[clug] ARS: Ubuntu 9.10 boot optimizations: 5 second startup with an SSD
Paul Wayper
paulway at mabula.net
Thu Oct 1 07:58:35 MDT 2009
On 23/09/09 19:38, Carlo Hamalainen wrote:
> On Wed, Sep 23, 2009 at 11:28 AM, Sam Couter<sam at couter.id.au> wrote:
>> steve jenkin<sjenkin at canb.auug.org.au> wrote:
>> That's pretty fast, but... A couple of minutes a few times a year waiting
>> for a computer to boot really isn't all that important. Making my Windows
>> machine at work boot that fast would be far more useful.
>
> Here's some ranting on boot times:
> http://linuxhaters.blogspot.com/2009/03/das-boot.html
The amusing thing about occasionally reading the Linux Haters blog is that
they so often completely miss the point in their zeal to trash anything that
Linux is doing. I'm sure that the rumours of the Linux kernel being "bloated"
and "full of regressions" (which are Linus's words at the recent Linux
Plumbers Conference round-table) are eagerly being misreported too.
There are still a lot of people who shut down every night and start up every
morning. My partner is one, using Windows 2000, which can take upwards of two
minutes every time. And there are plenty of stories of people opening up
their bag to find their Mac has been gently roasting itself by not correctly
suspending and sitting, powered up and closed, in their backpack.
There are still people leaving their computers on at night (a big problem at
almost every place I've worked) because they can't be bothered with the wait
(however long it is) to get the machine booted in the morning. At a place I
worked recently they were seriously going to spend several thousand dollars on
power boards that would sit on every desk and allow people to turn their
machine physically off at the wall (rather than reach under the desk and plug)
so they could virtuously save power rather than have the machine's power
supply chewing up a watt or so.
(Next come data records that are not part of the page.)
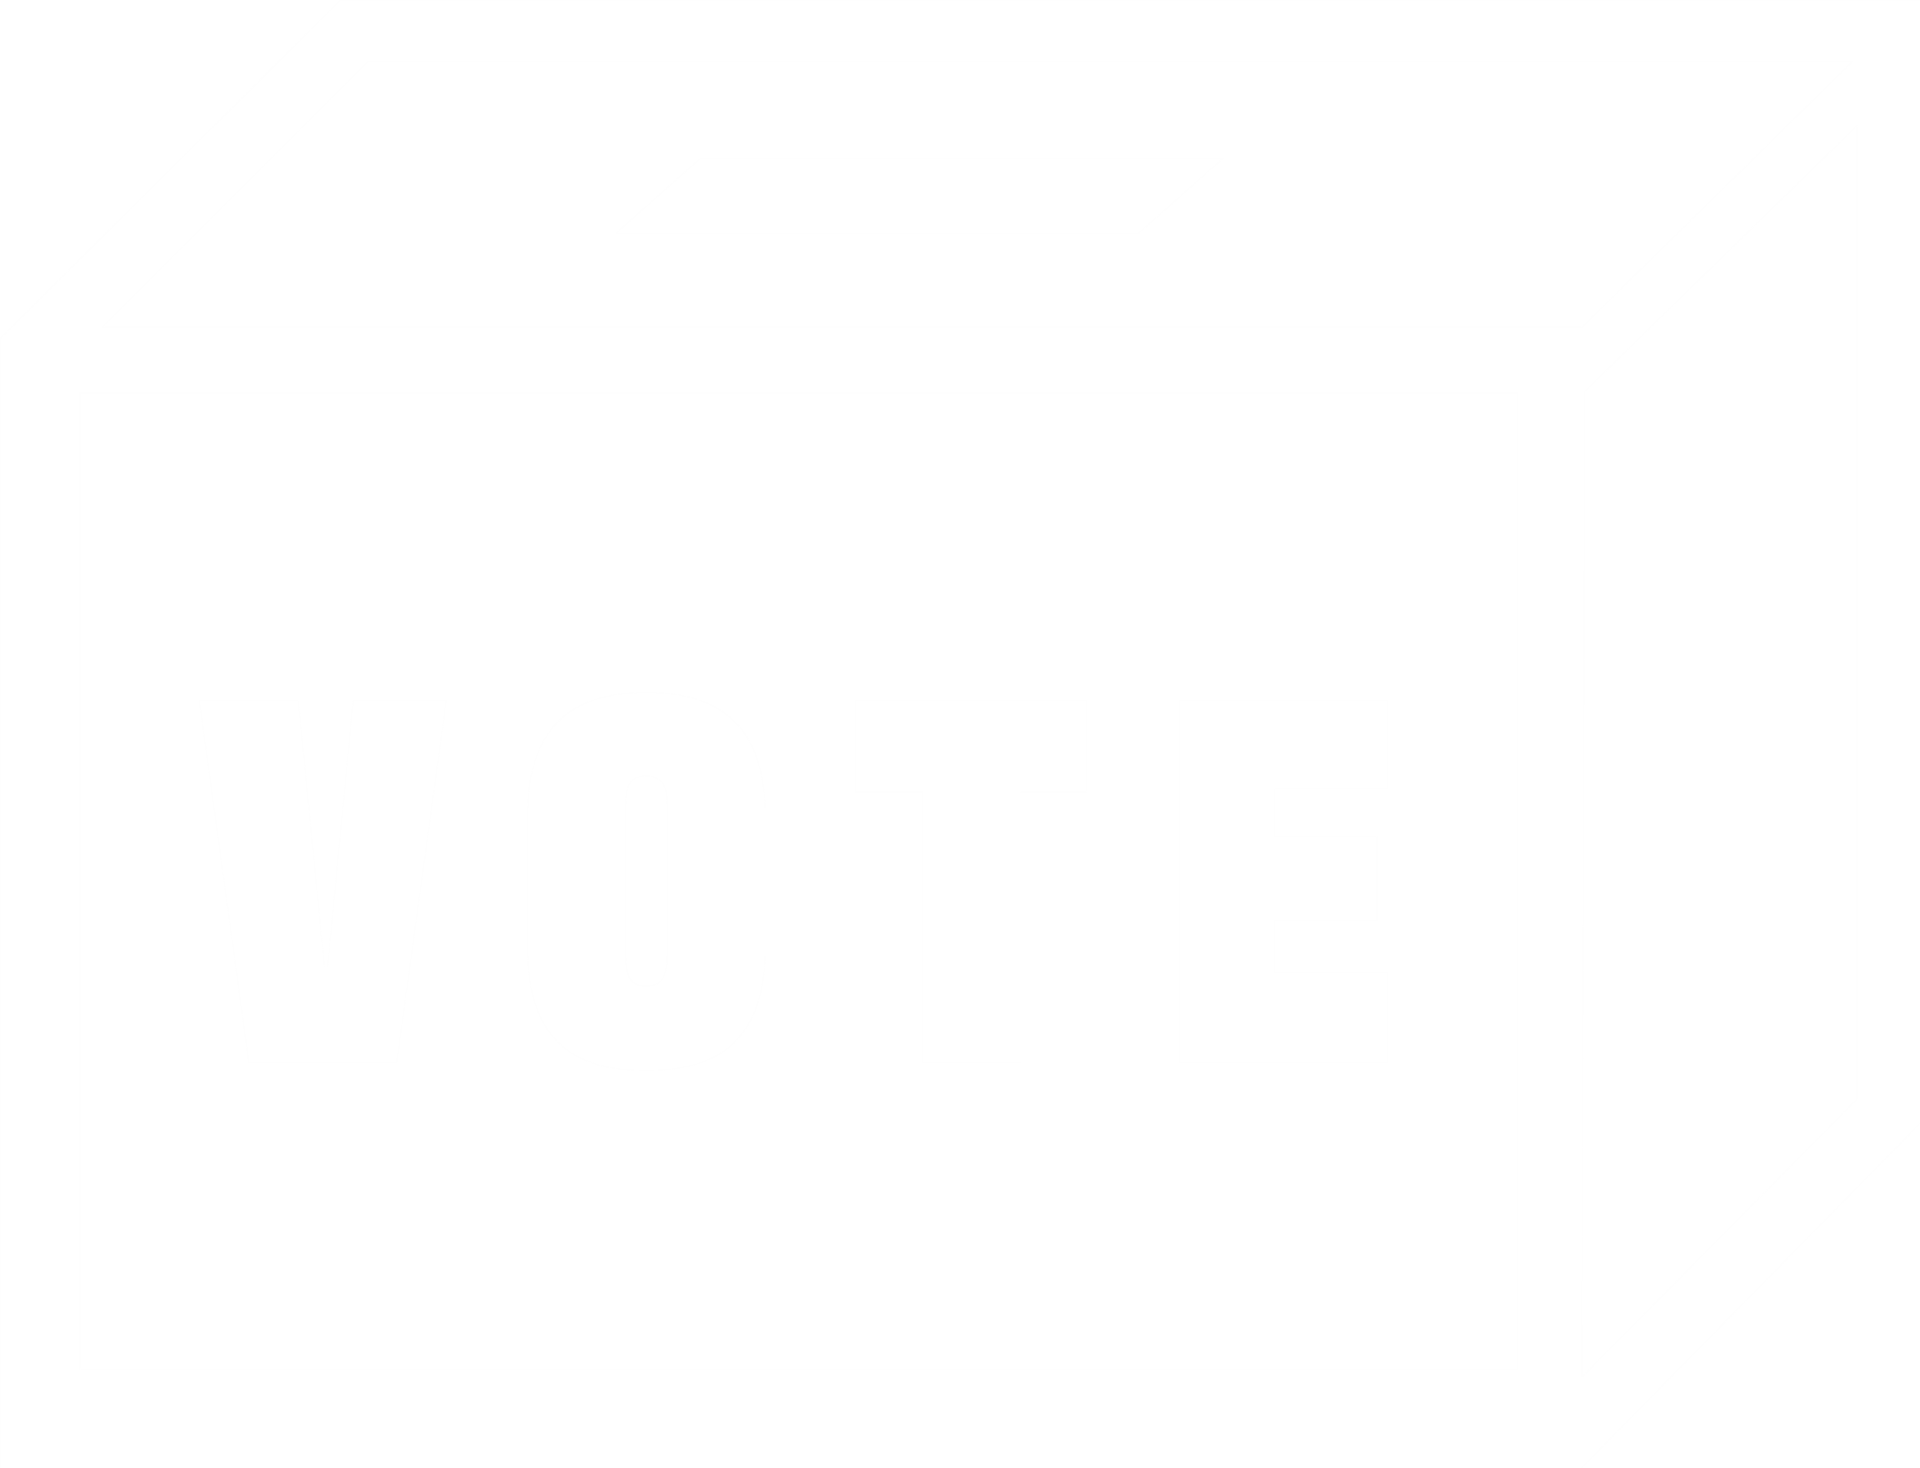 Vote Icon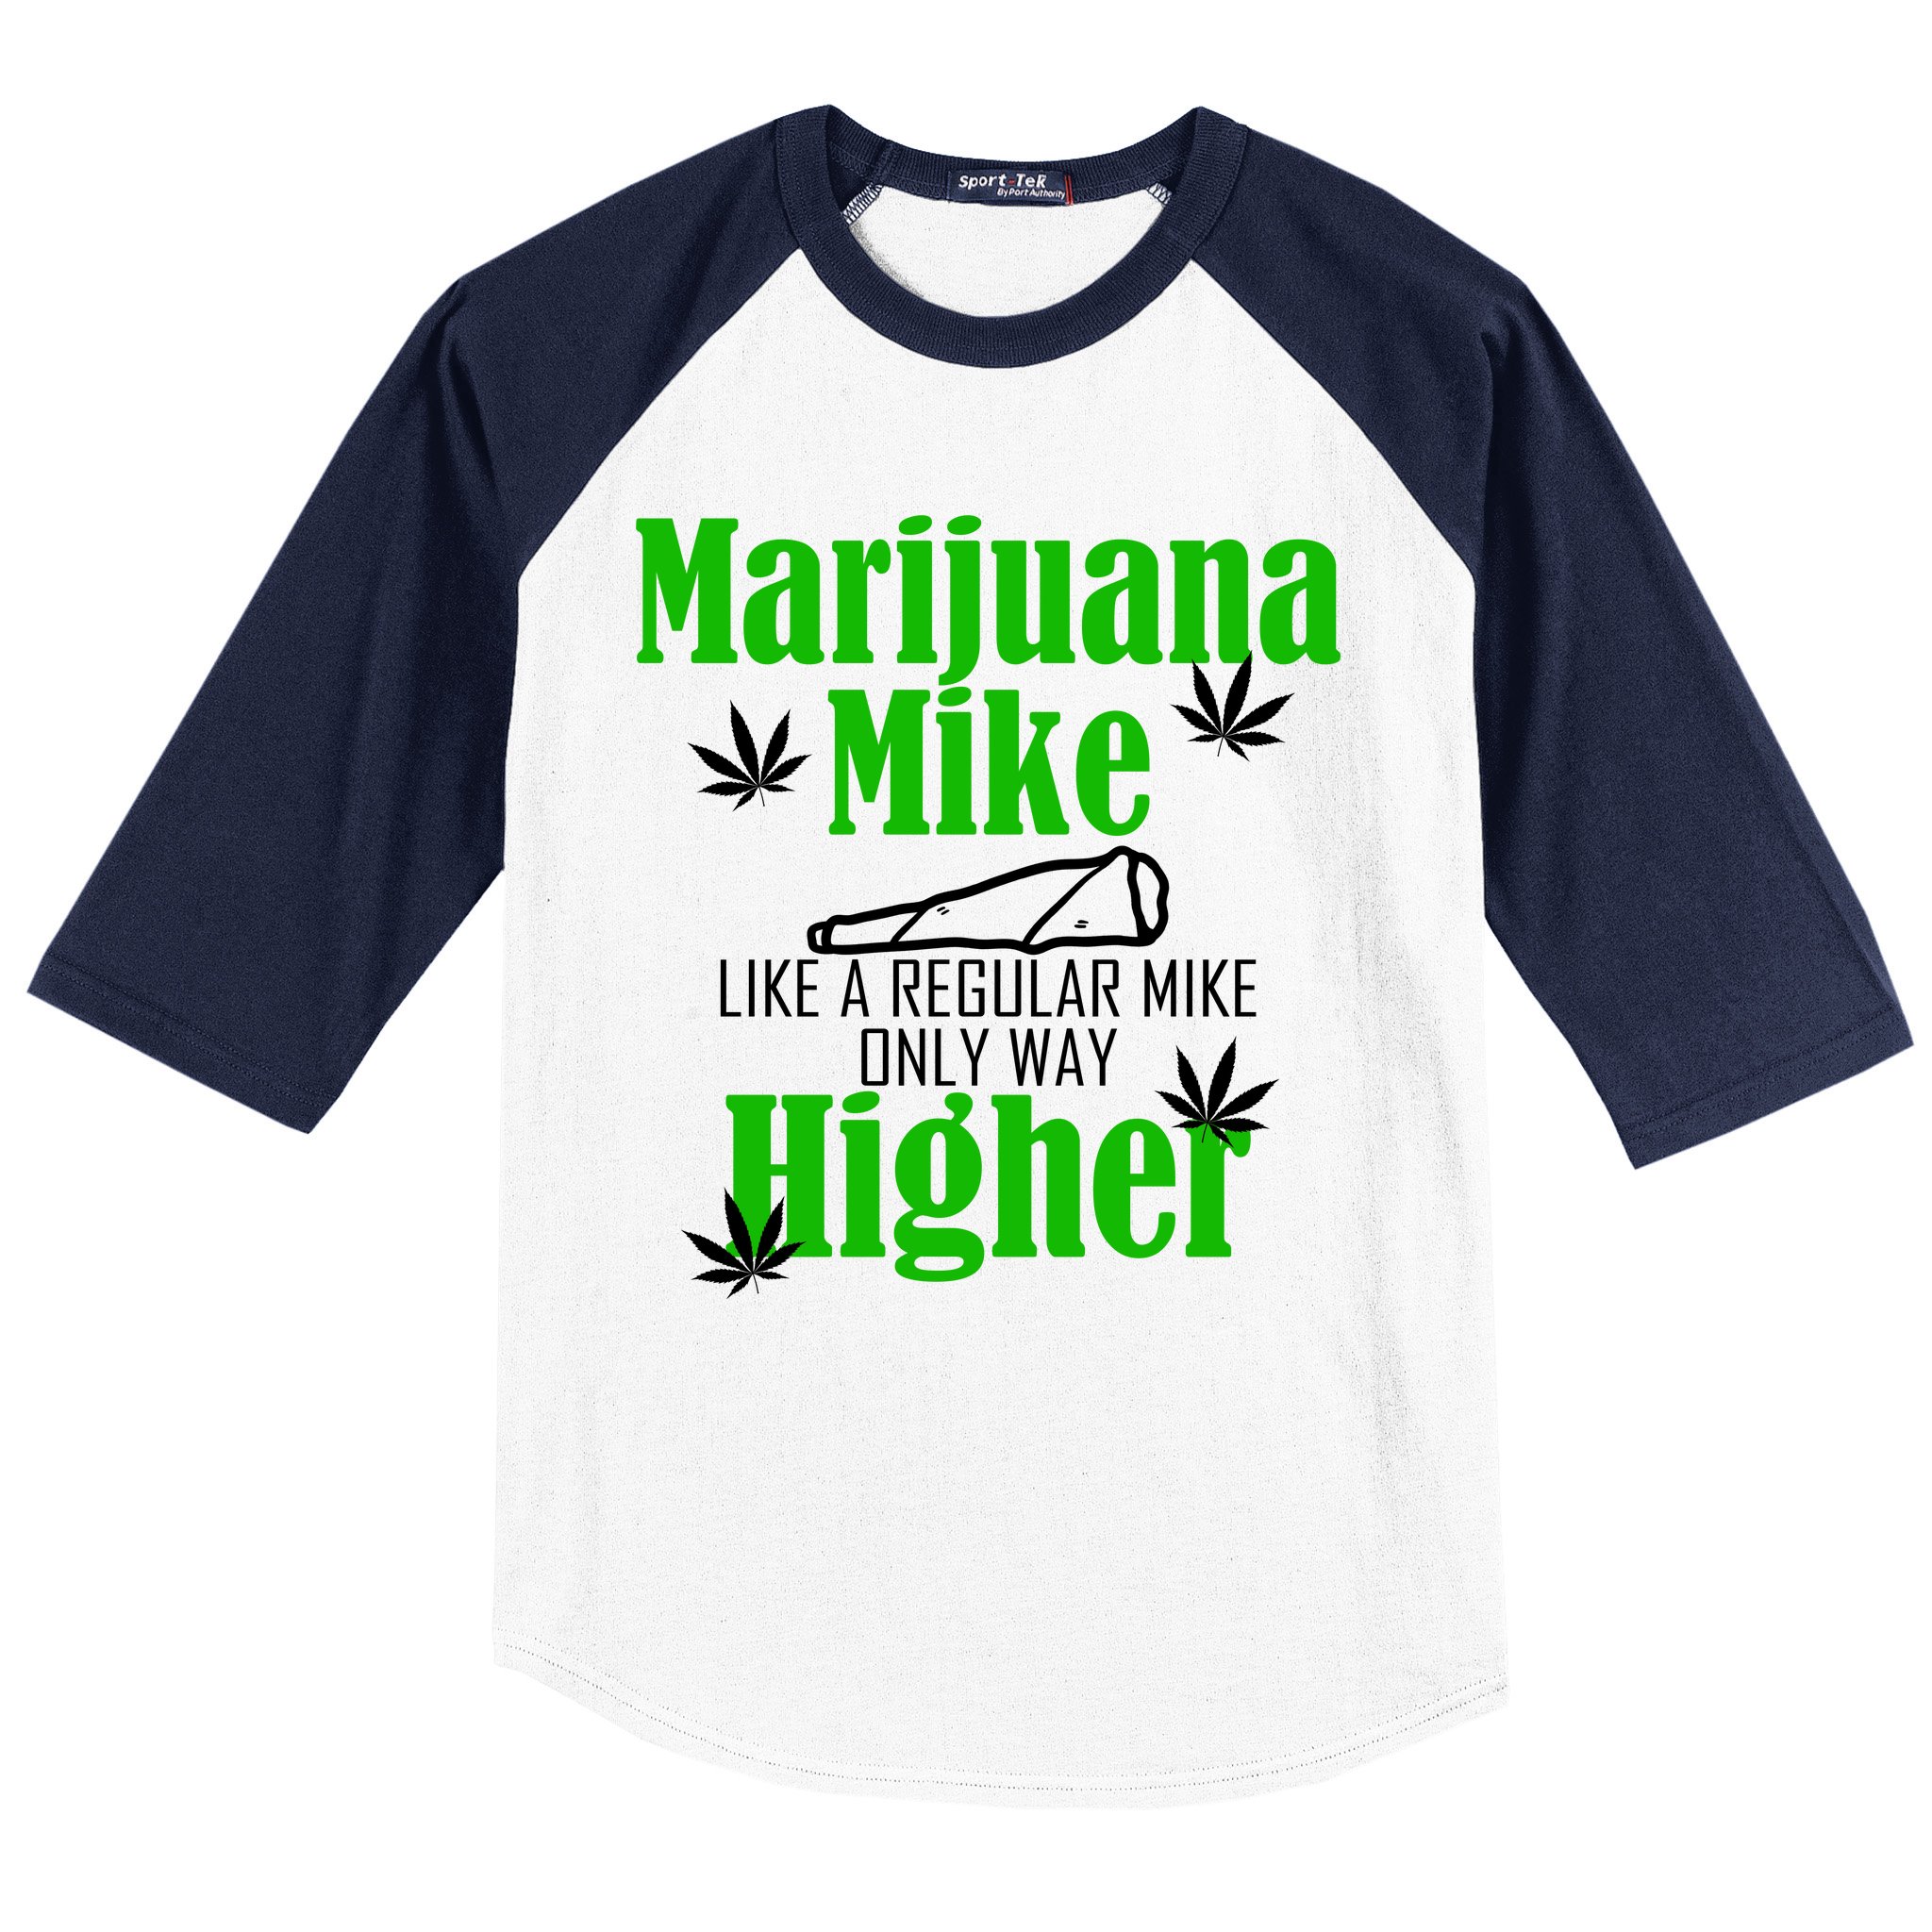 ADDICTED T-shirt Adult Humor Marijuana 420 Cannabis Weed Tee Mens S-3XL New 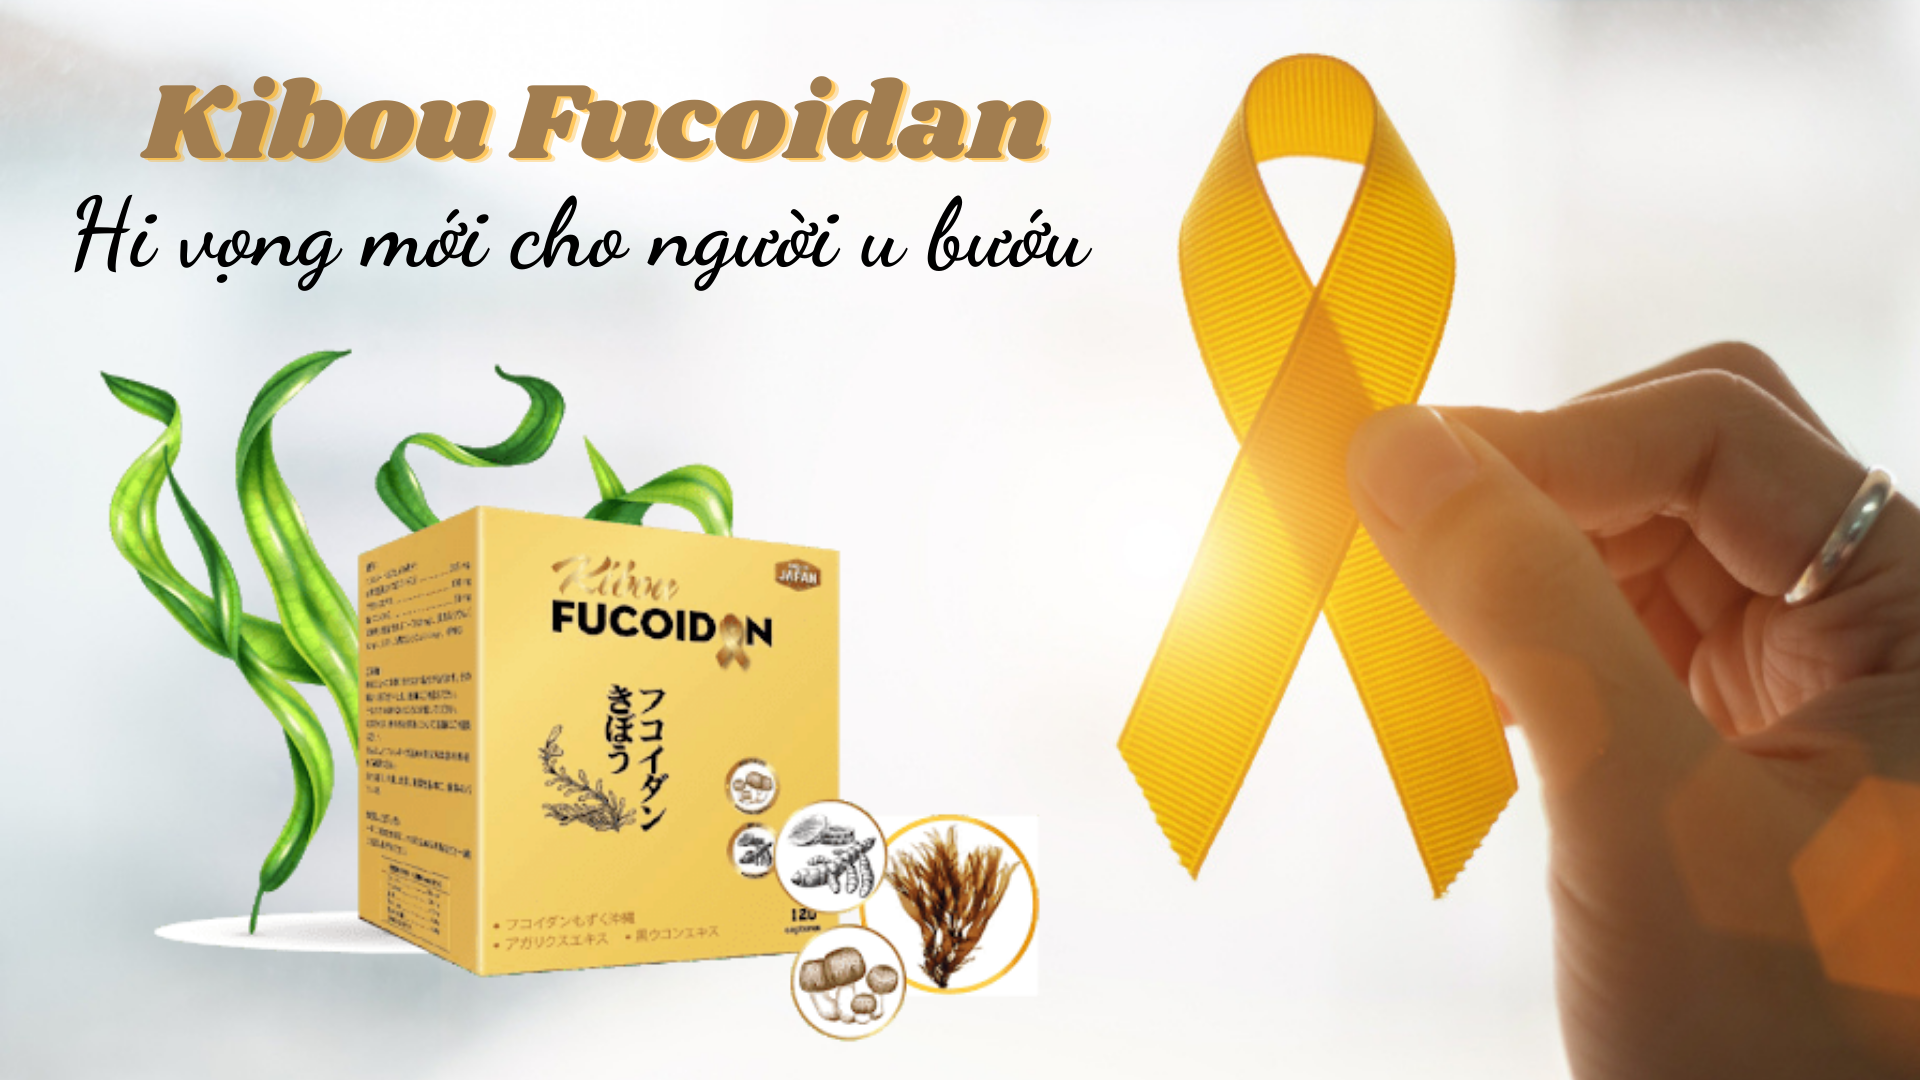 Kibou Fucoidan – sự kết hợp lần đầu tiên giữa “bộ 3 tinh chất vàng”: Fucoidan, Nghệ đen và Nấm Agaricus, có độ tinh khiết cao nhất hiện nay

Why? Because it was too difficult to get the
Windows sysadmins to enable the "stand by" option in Windows XP. (Note that
this didn't fix the problem of people not turning their machines off, it only
added a tiny improvement - and an extra procedure - to those virtuous people
that did).
So there are plenty of people who would benefit from faster boot times. And,
chances are, those improvements are going to flow through into faster
everything. Upstart is the big leader in this field - its whole purpose is to
parallelise the process of changing states (e.g. power off to booted up,
booted up to suspend to RAM, etc). Getting that working improves people's
suspend to RAM times down as well as improving the boot time. If you can get
the boot to happen faster by reading everything it needs before it's needed,
then you can do the same with applications.
I don't bother to reply to the Linux Haters blog, though, because the whole
thing is basically a big troll. E might have a point occasionally, but that's
irrelevant to the issue of hating "Linux" (whatever that is).